To calculate the expected value (EV) of each bet size, let’s consider a simplified example using only the base values from the board:
- Red pockets: 3x to 10x
- Green pockets: 8x to 25x
- Blue pockets: 15x to 50x
In a typical game session, players aim for higher-paying pockets with increasing frequency as their bet increases. To keep things manageable and demonstrate the general principle behind Plinko’s payouts, we will assume all betting options have an equal chance of occurring.
Now, let’s examine how these values translate into EVs using basic probability calculations:
- Assume each bet has a 100% hit rate for simplicity.
- We’re focusing on base values only (i.e., excluding special bets).
- Each red pocket would pay out between $1.50 and $10; green pockets between $8 and $25, blue pockets between $15 to $50.

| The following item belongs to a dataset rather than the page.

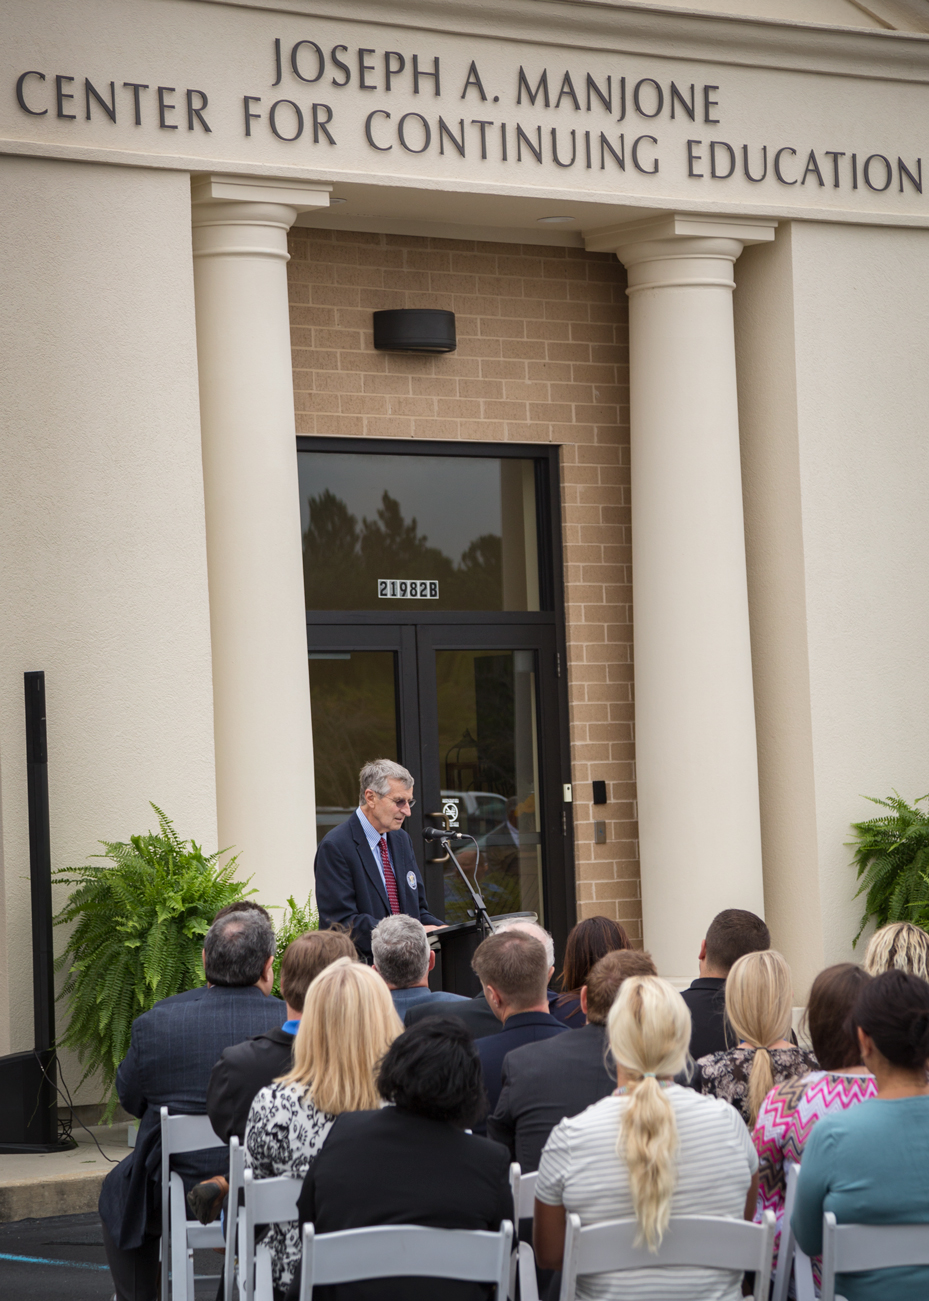 Joseph A. Manjone speaks at ceremony in front of the building now bearing his name on Monday in Orange Beach, Alabama.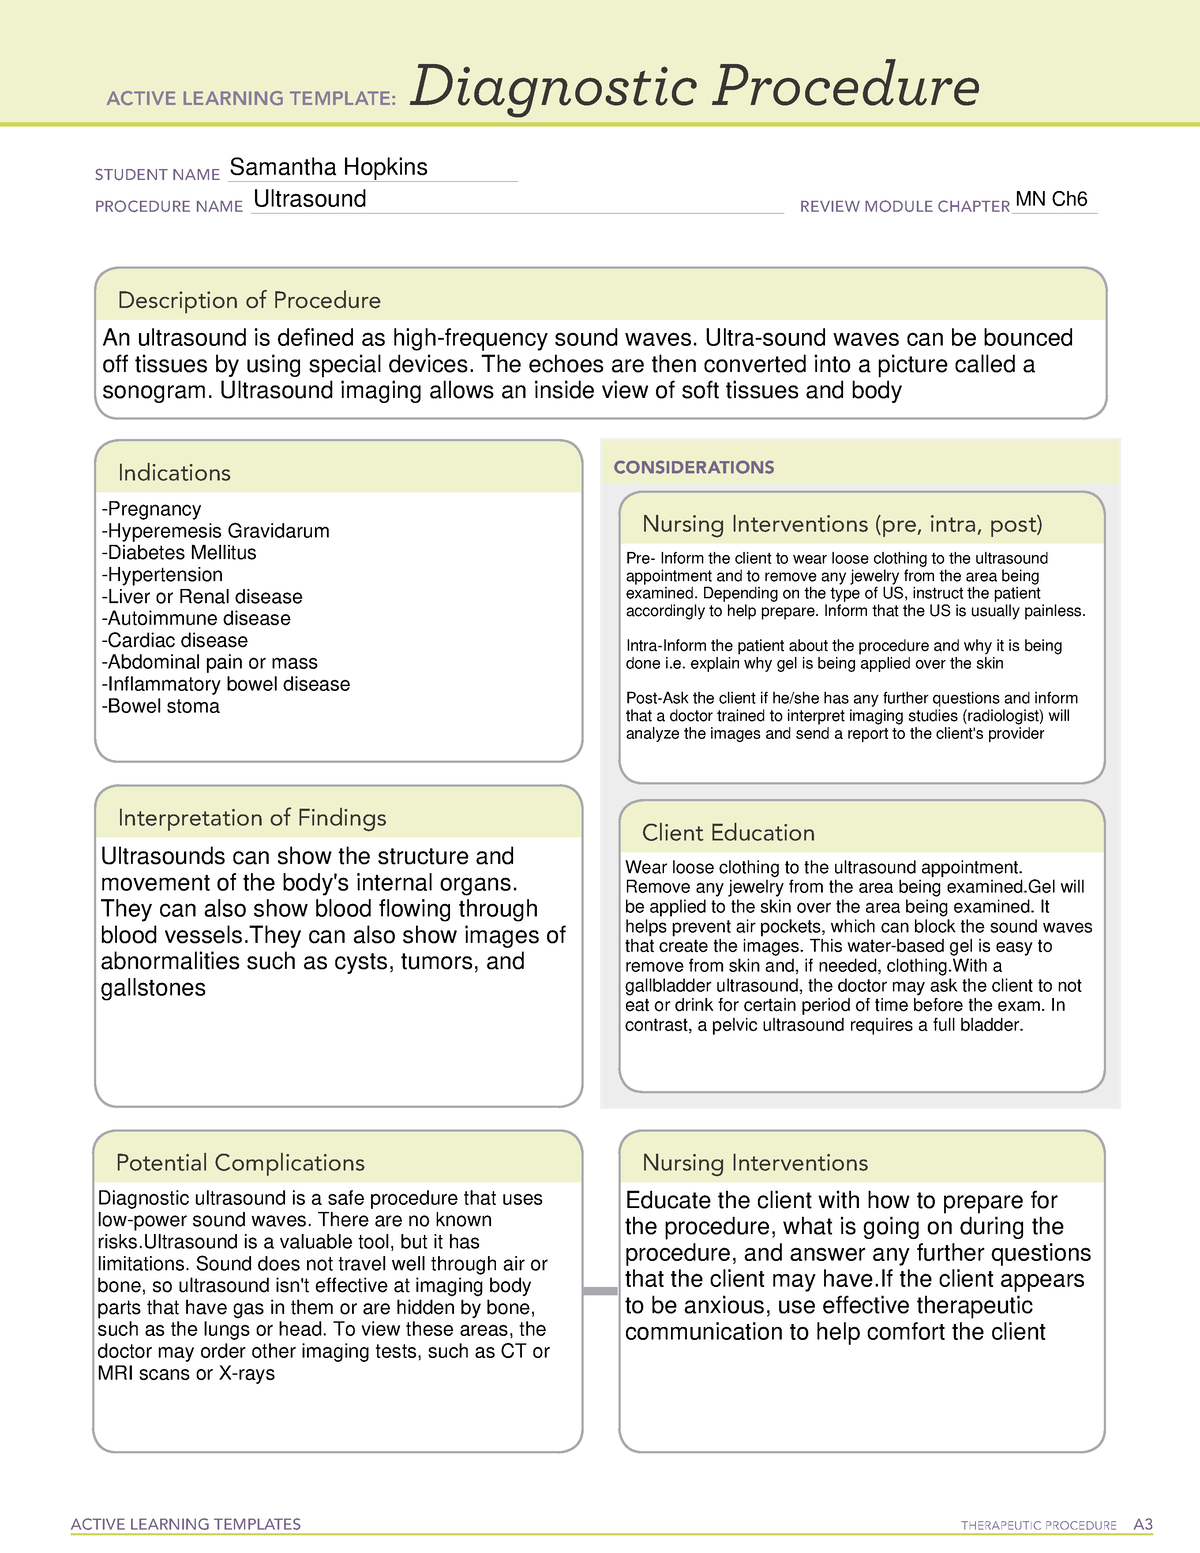 ATI Templates Medication and Diagnostic - ACTIVE LEARNING TEMPLATES ...

Here is the calculation of EVs per bet size:
Bet Expected Value (Base Only) $0.50 – $2.65 (yes, a negative value since the house edge applies) $1 – $3.31 $5 -$16.58 $25 – $48.59
As we calculate further along with higher bets up to $100 and including potential bonuses: $0.50 bet yields an expected return of: (10% ($1,000 – $3)) / 50 = -6,300 $5 bet yields an expected return of: (22.22% $15) + (2.44% * -$45) + … > 4,700
To accurately determine EVs for each pocket value across multiple betting options, one would have to incorporate the real chances associated with winning at Plinko. Based on standard assumptions about a house edge in games similar to this type of slot machine:
- Red pockets (1-10): ~21% total hit rate (~2x 3x+ 9x +0)
- Green pockets: ~20,8% total hit rate
- Blue pockets: ~6.5%
With these probabilities in mind and our prior knowledge that we are dealing with slots which inherently favor the casino to some extent, consider how they influence overall results of expected gain/loss potential at each end (high-low values):
If every result follows this same basic structure:
1-10 = 30%, $15-$20 11-50x return = ~12%
We can see that higher amounts on boards contribute disproportionately greater numbers towards final revenue outputs.